The design, analysis, and verification of the SIFT fault tolerant system

  • Authors:
  • John H. Wensley;Milton W. Green;Karl N. Levitt;Robert E. Shostak

  • Affiliations:
  • -;-;-;-

  • Venue:
  • ICSE '76 Proceedings of the 2nd international conference on Software engineering
  • Year:
  • 1976

Quantified Score

Hi-index 0.00

Visualization

Abstract

The SIFT (Software Implemented Fault Tolerance) computer is a fault-tolerant computer in which fault tolerance is achieved primarily by software mechanisms. Tasks are executed redundantly on multiple, independent processors that are loosely synchronized. Each processor is multiprogrammed over a set of distinct tasks. A system of independently accessible busses interconnects the processors. When Task A needs data from Task B, each version of A votes, using software, on the data computed by the different versions of B. (A processor cannot write into another processor; all communication is accomplished by reading.) Thus, errors due to a malfunctioning processor or bus can be confined to the faulty unit and can be masked, and the faulty unit can be identified.
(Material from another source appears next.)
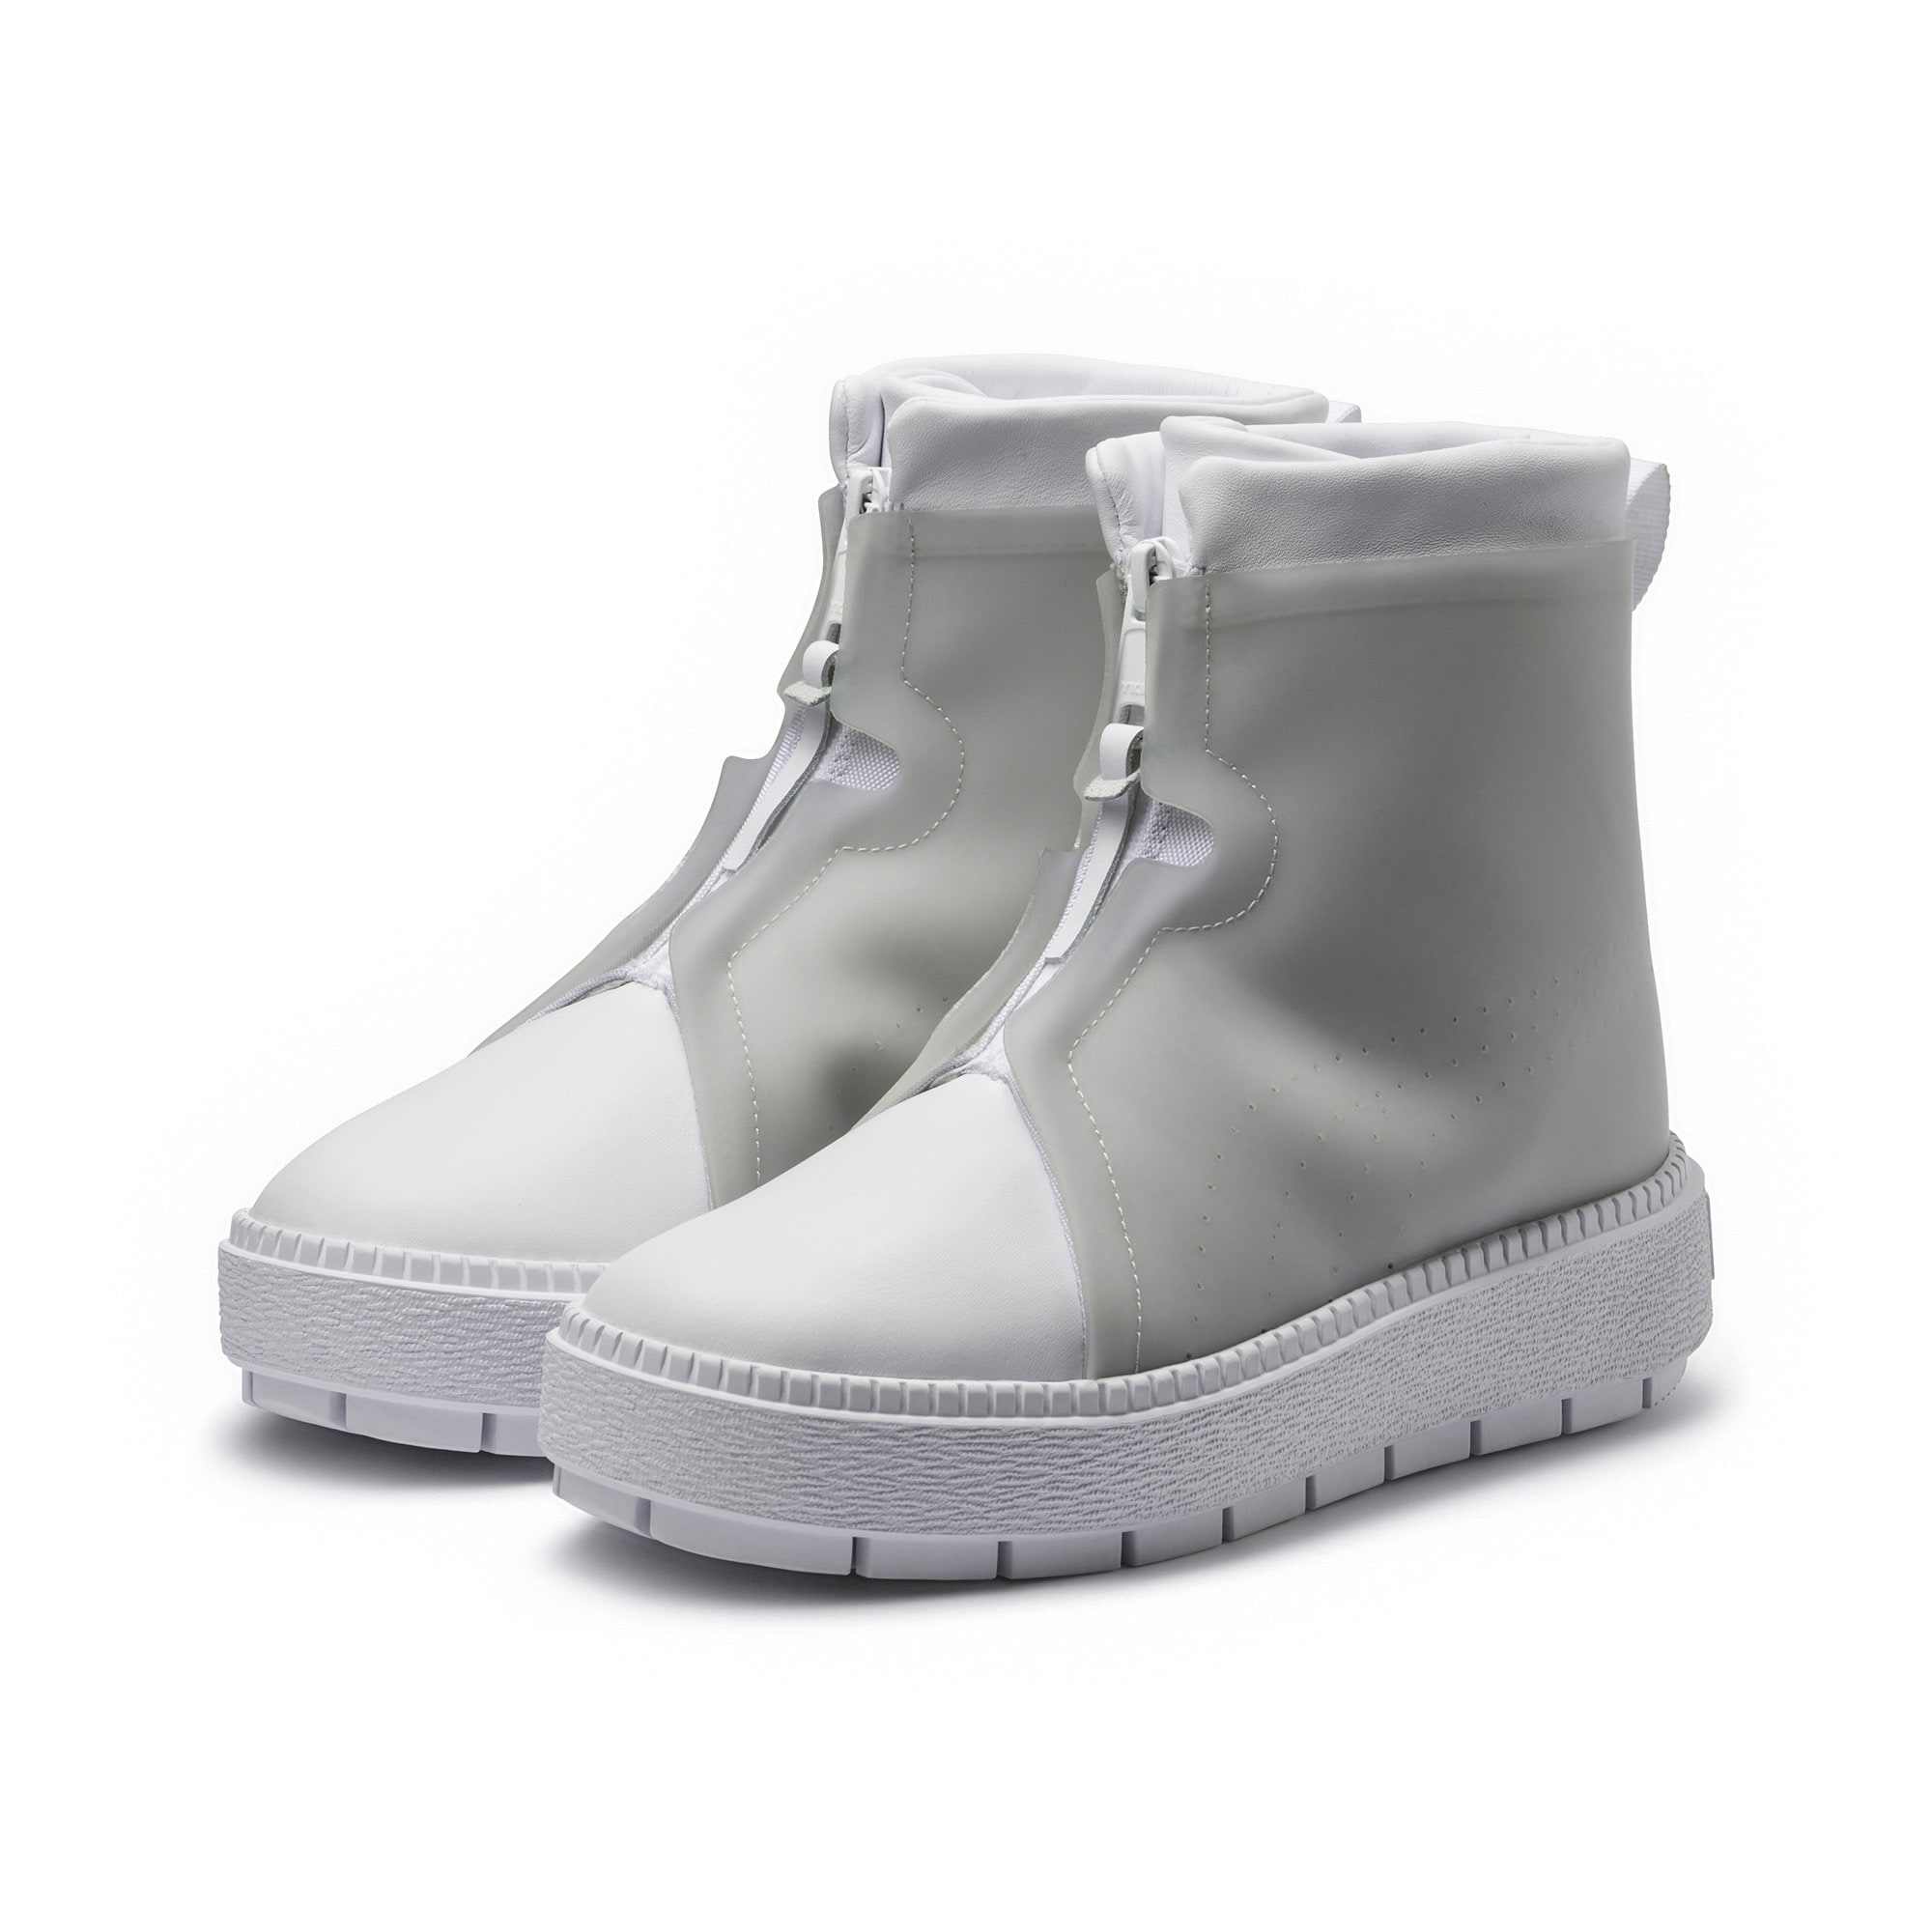 Thumbnail 2 of Platform Trace Women's Rain Boots, Puma White-Gray Violet, medium
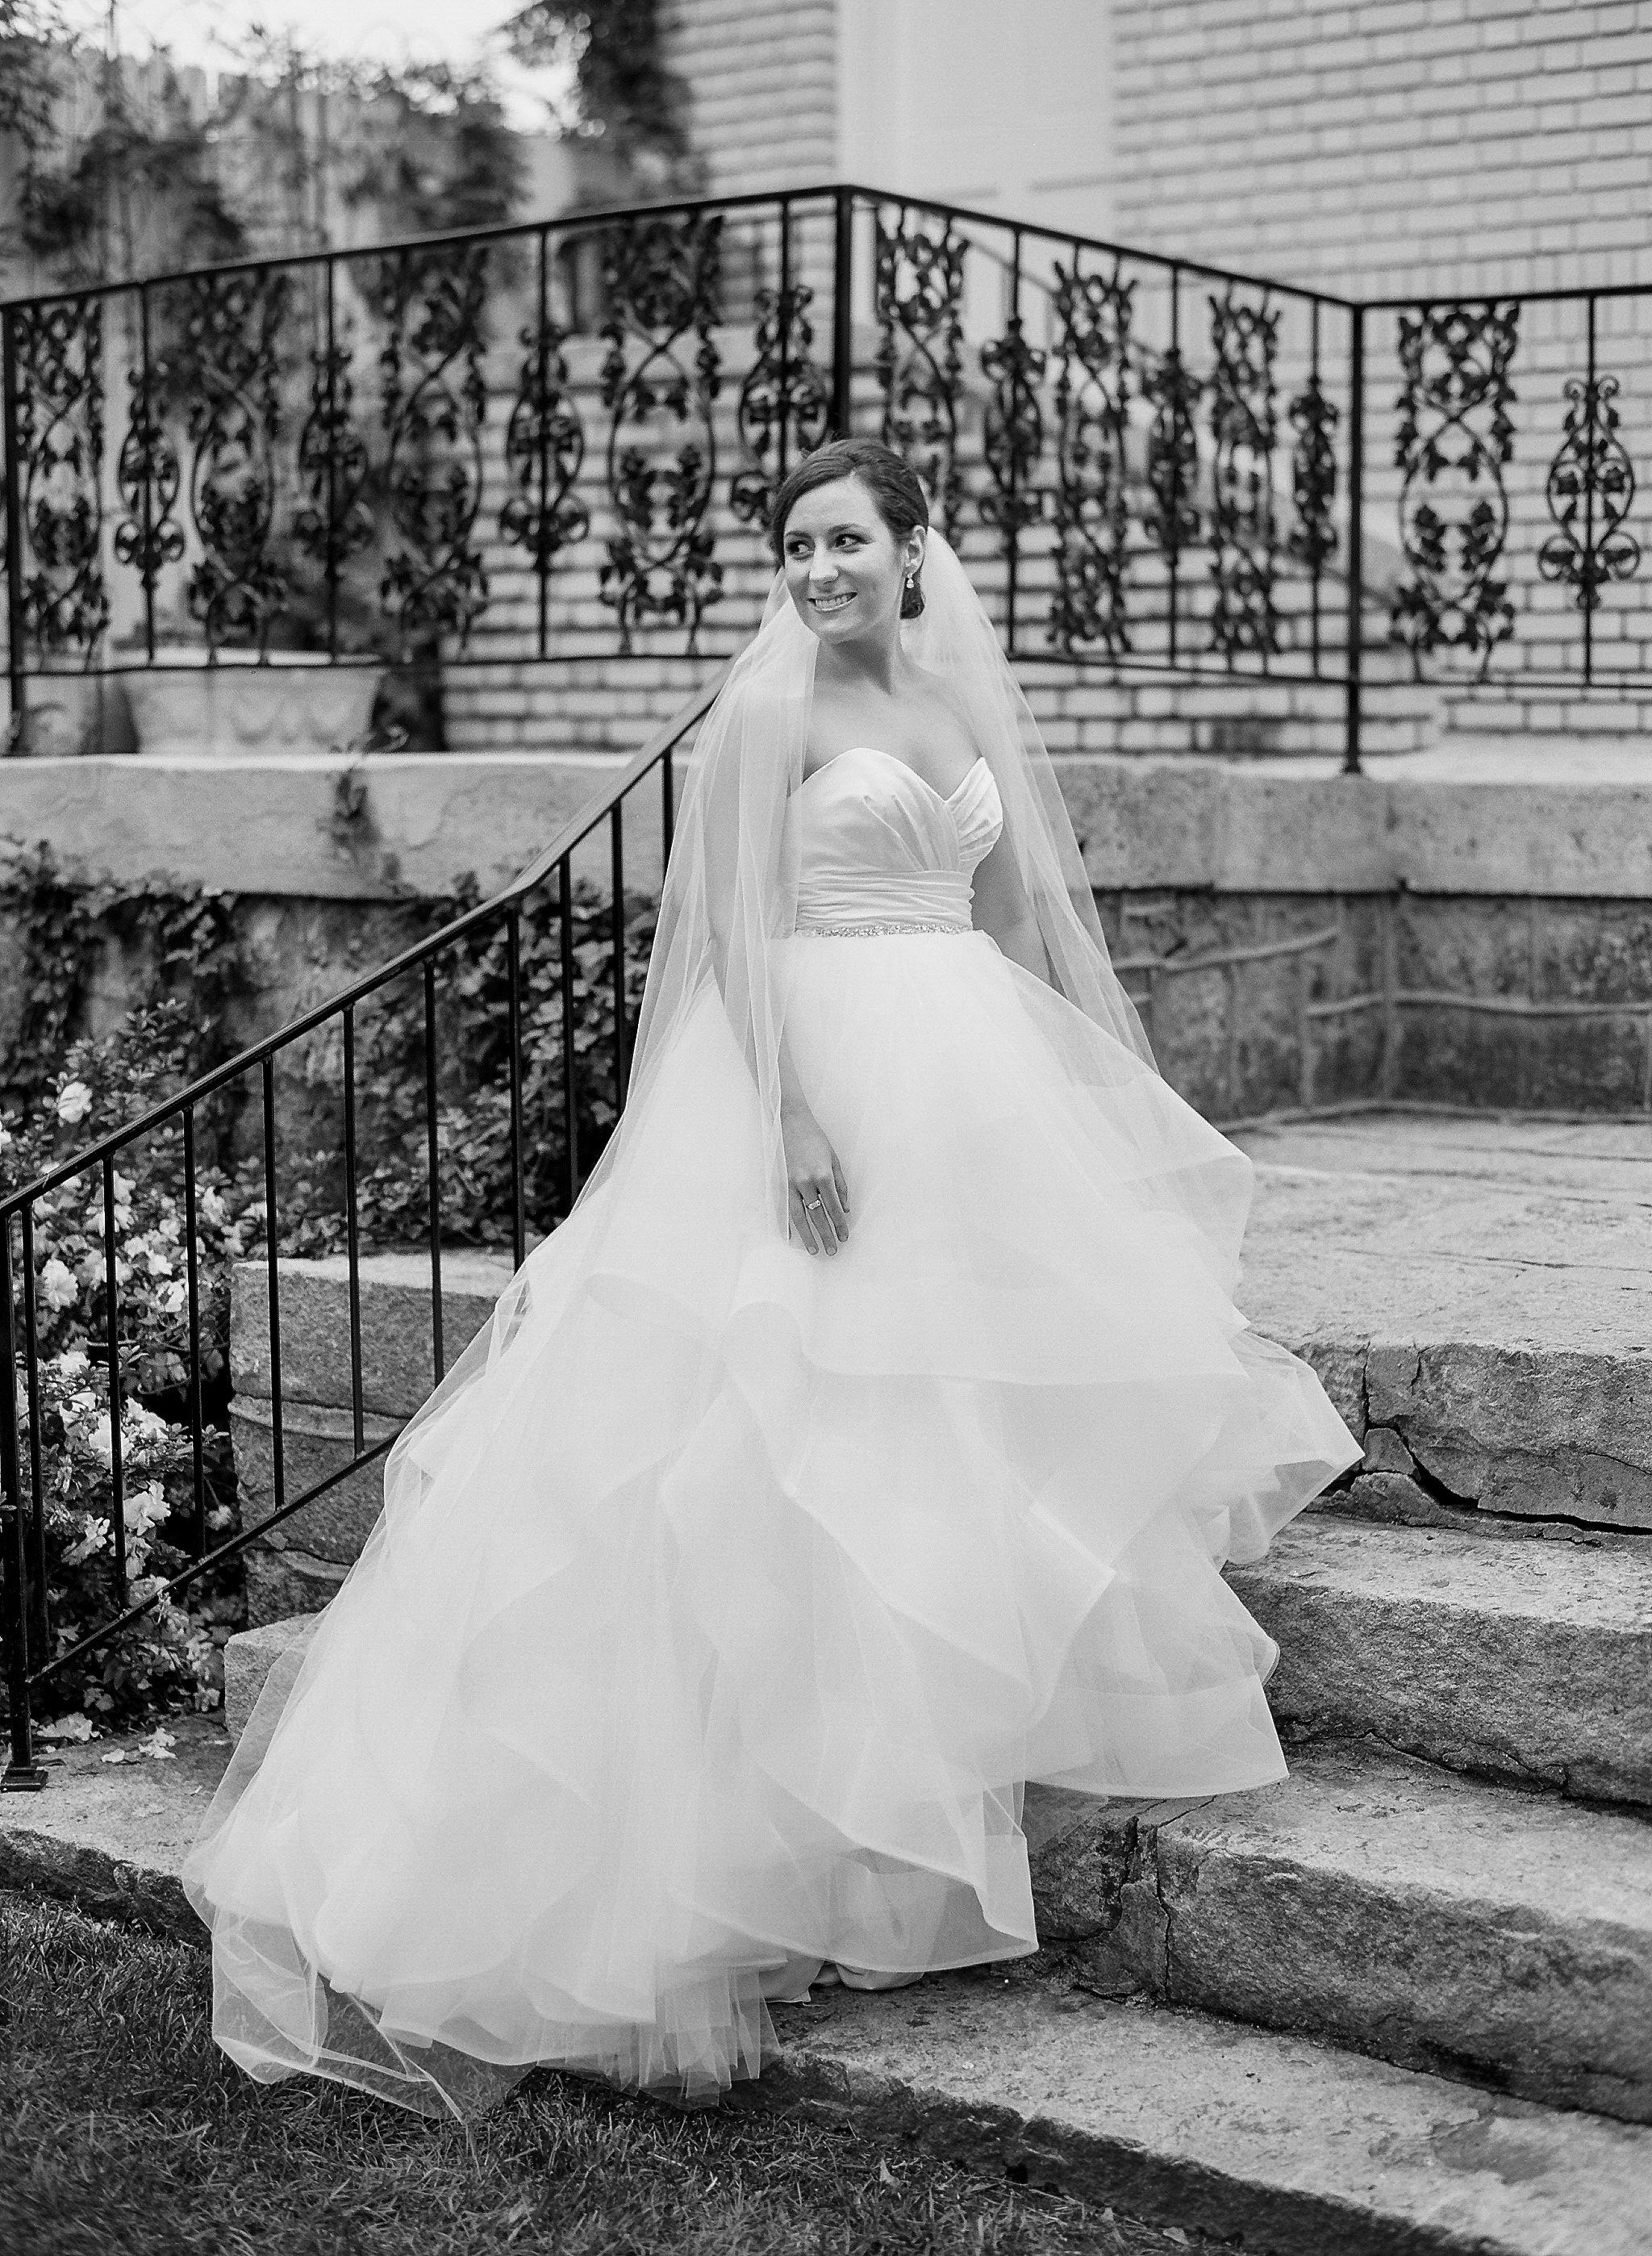 North-Carolina-Bridal-Photographer-Rebecca-6.jpg

An executive routine effects the fault location and reconfigures the system by assigning the tasks, previously assigned to the faulty unit, to an operative unit. Since fault-tolerant computers are used in environments where reliability is at a premium, it is essential that the software of SIFT be correct. The software is realized as a hierarchy of modules in a way that significantly enhances proof of correctness. The behavior of each module is characterized by a formal specification, and the implementation of the module is verified with respect to its specification and those of modules at lower level of the hierarchy. An abstract, Markov-like model is used to describe the reliability behavior of SIFT. This model is formally related to the specifications of the top-most modules of the hierarchy; thus the model can be shown to describe accurately the behavior of the system. At the time of writing, the verification of the system is not complete. The paper describes the design of SIFT, the reliability model, and the approach to mapping from the system to the model.